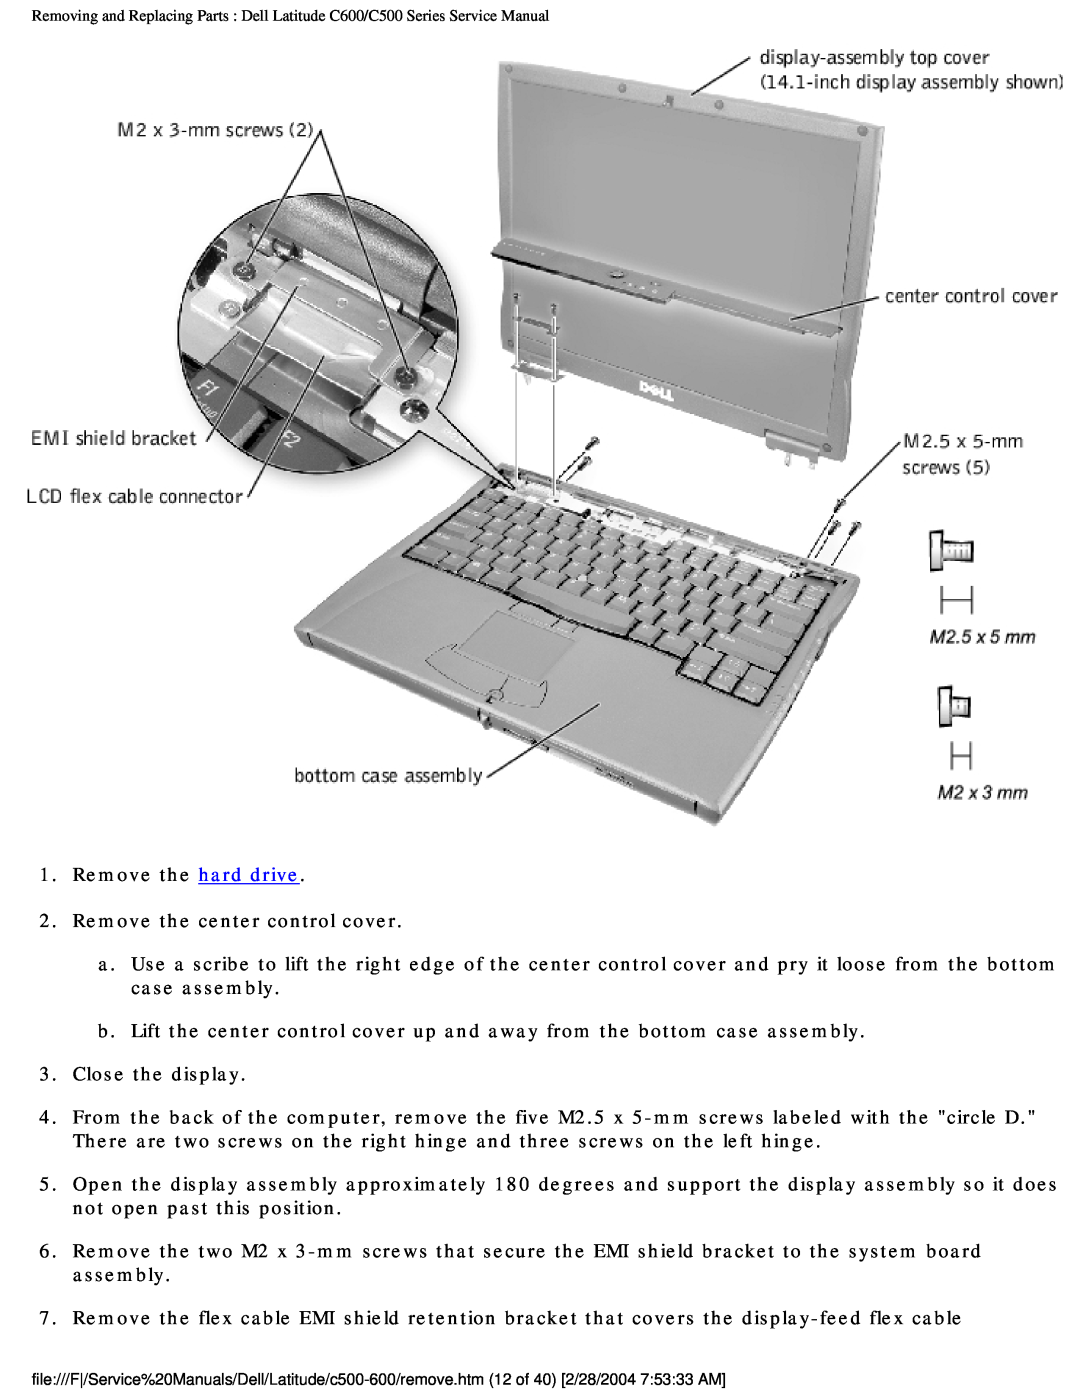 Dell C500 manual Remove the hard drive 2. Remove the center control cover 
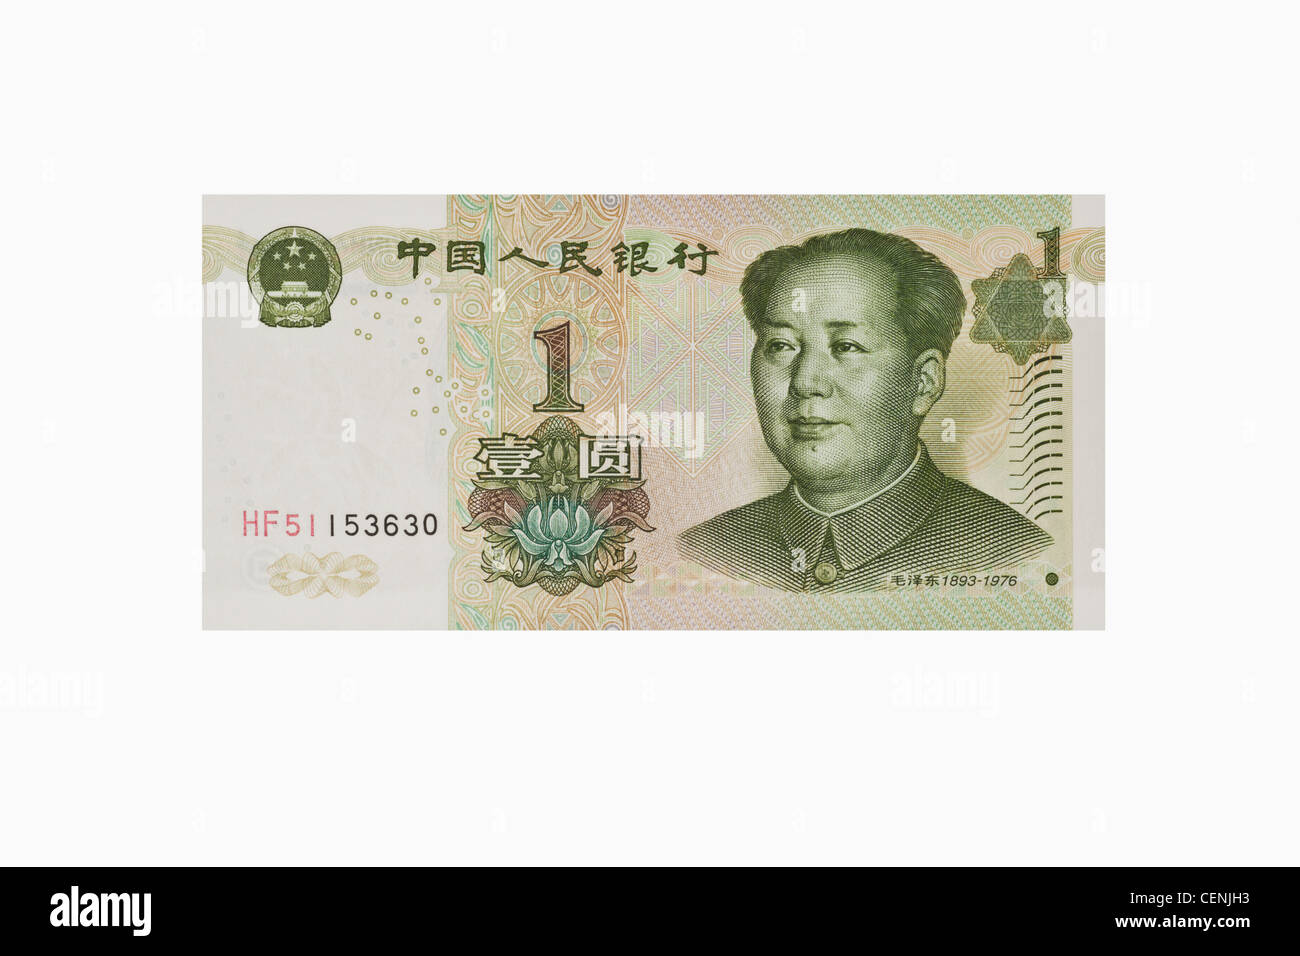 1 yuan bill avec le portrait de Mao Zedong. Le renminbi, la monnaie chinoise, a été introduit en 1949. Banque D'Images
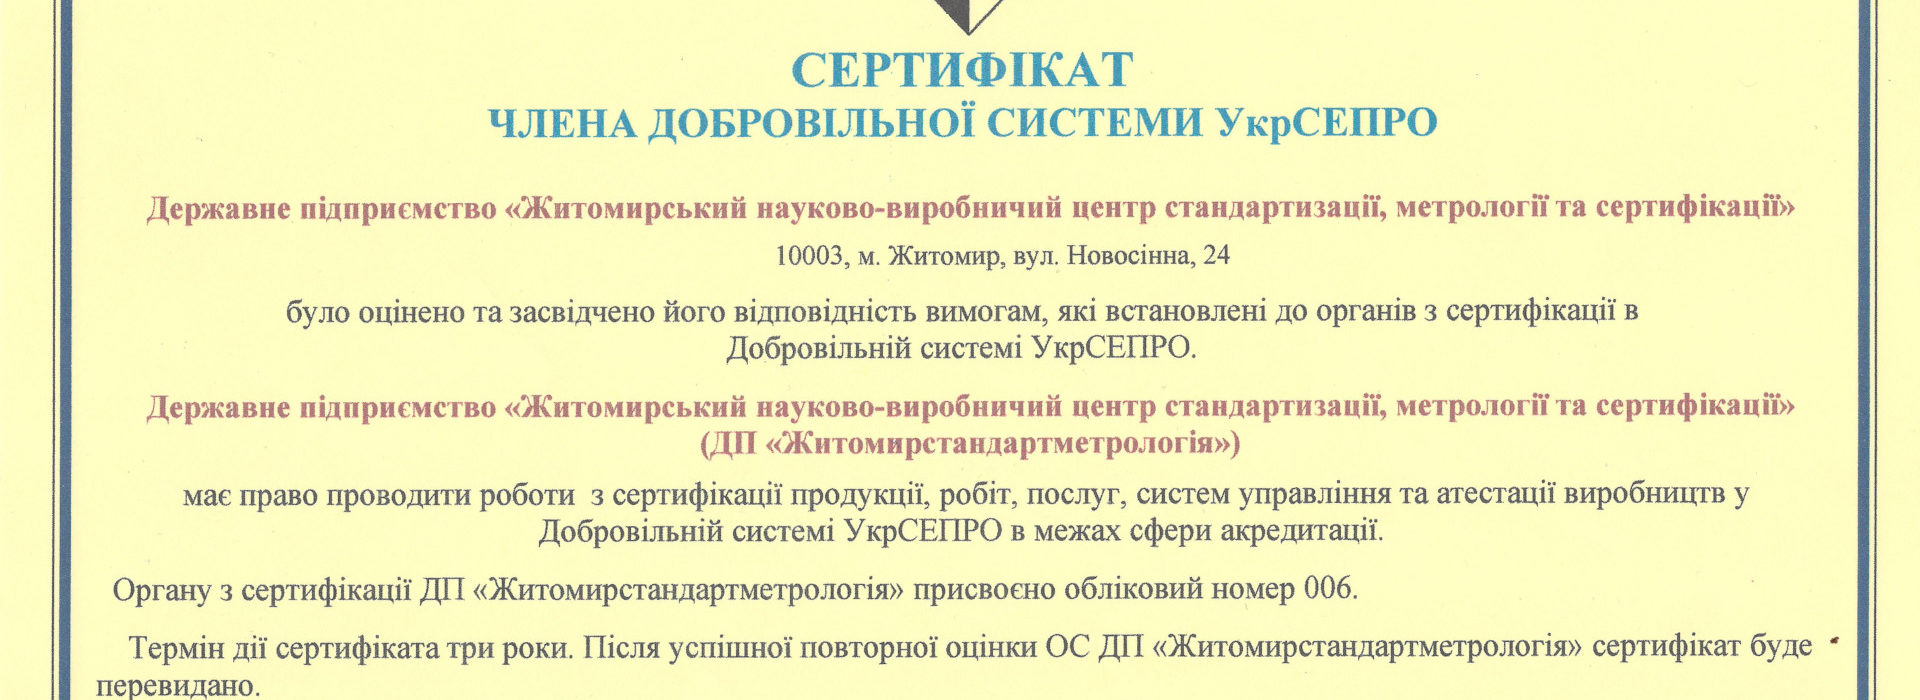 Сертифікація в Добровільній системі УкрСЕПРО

--

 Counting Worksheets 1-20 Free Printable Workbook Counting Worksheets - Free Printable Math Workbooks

==

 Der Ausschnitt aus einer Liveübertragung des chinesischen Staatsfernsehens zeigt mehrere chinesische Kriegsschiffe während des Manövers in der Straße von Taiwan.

PROBLEM DESCRIPTION | Pictures excluded, reproduce only the part above that opens with the line holding "Dell C500 manual" and closes with the line holding "Сертифікація в Добровільній системі УкрСЕПРО", exactly as written.

TASK RESPONSE |
 Dell C500 manual Remove the hard drive 2. Remove the center control cover 
 1 yuan bill avec le portrait de Mao Zedong. Le renminbi, la monnaie chinoise, a été introduit en 1949. Banque D'Images
 Сертифікація в Добровільній системі УкрСЕПРО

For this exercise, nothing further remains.